Взгляд ее упал на свежий могильный бугор около куста волчьей ягоды — шагах в пяти от Федоровой могилы.

— Не лыткинский кузнец там положен?

— Он и есть, — кивнула Матвеиха.

— Што ж ен так, ни с того ни с сяго помер-то? — спросила Аграфена. — Вроде силен был мужик: я его месяца три как видала. Чистый борец!

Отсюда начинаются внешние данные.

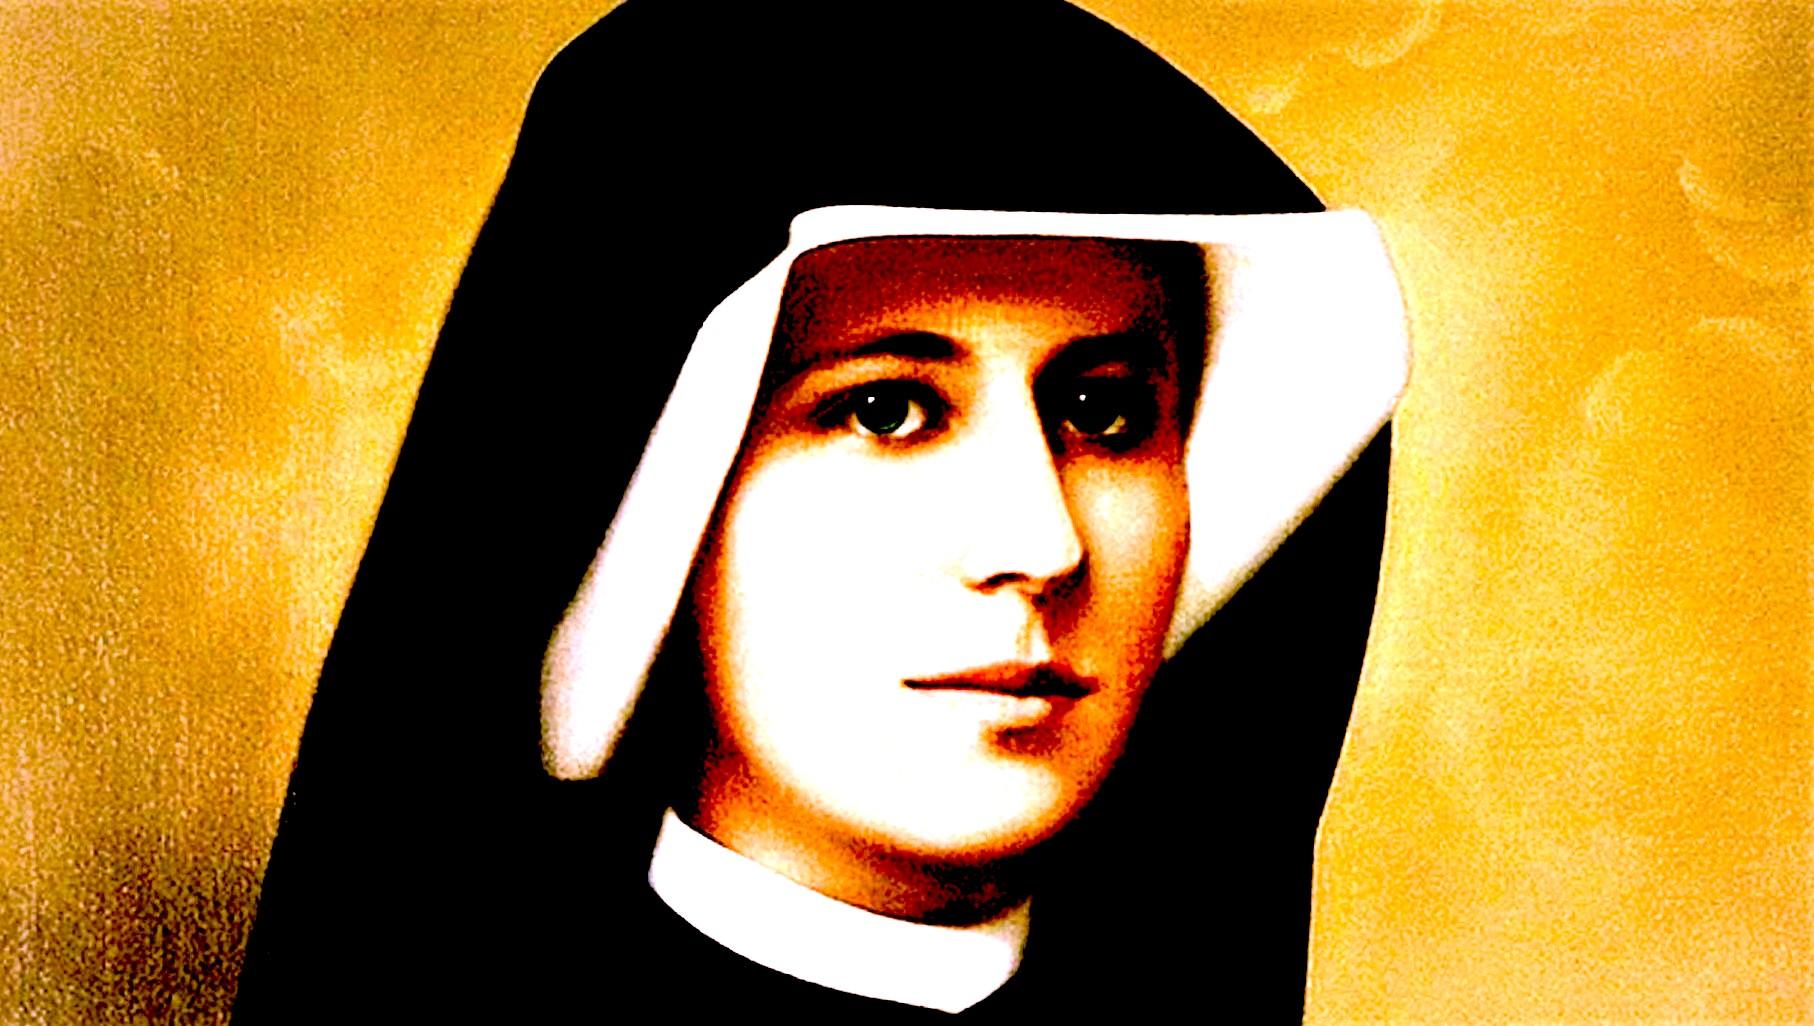 DIJETE, ŽELIM TE POUČITI...'Čudesne tajne svetosti koje je Isus otkrio  svetoj Faustini - Dnevno.hr

— От потайной болезни помер. Верней сказать, кару за оскверненье материной могилки понес. Рядком, видите, бугорок? То могила его матки. Шел Семен с дружком мимо погоста. Они, басурмане, в худяковском сельпе были — возвращались, понятно, с водкой. Ну, и охотца им стало нажраться. Заворотили сюды. Семка, ясно дело, и знать не знал, иде могилка-то материна. Видють — бугор. Сели. Выжрали прямо на могилке родительницы две бутылки, начали горланить песни и гадить. И тут чуеть Семка — он про то рассказывал, — што его ктой-то притягиваеть, гнететь к земле. Хочеть он, стало быть, встать, а силы нету. Не могеть оторваться. Товарищ по выпивке — тот вскочил, стал надсмехаться над Семкой. А Семка вдруг сделался так бел — што коленкор. Зуб на зуб не попадаеть. Говорил потом, как воротился домой, будто услыхал голос матери своей. Укоряла, стал быть, его. Кой-как вскочил он на ноги — и что есть духу кинулся бечь с погоста. Враз протрезвел. А к утру ни с того ни с сего слег Семка. Подковы руками гнул, а тутка не хватало силенок, чтоб с кровати встать. В одну неделю сделался страшен, черен, до того исчах — стал его качать ветер. Поехал в клинику, тама тюкали-тюкали, никакой болести не нашли. Так и истлел… Ден через пять отдал богу душу.

— Нечистая сила, должно, прикинулась, — сказала, перекрестившись, Аграфена, когда Матвеиха замолчала.

— В скверности век, известно, не сживешь, — сказала Марья поднимаясь.

Все встали следом за ней и тихо вышли на дорогу. Марья задержалась около могилы сына и вышла из погоста последней. Когда она была уже у самой опушки, ей почудился тихий оклик — чья-то стосковавшаяся по ней душа призывала ее: «Маня!..» Она торопливо оглянулась — нигде никого не было. Ей показалось, что она узнала Егоров голос. «Да это ж меня смерть покликала», — подумала Марья с полным спокойствием.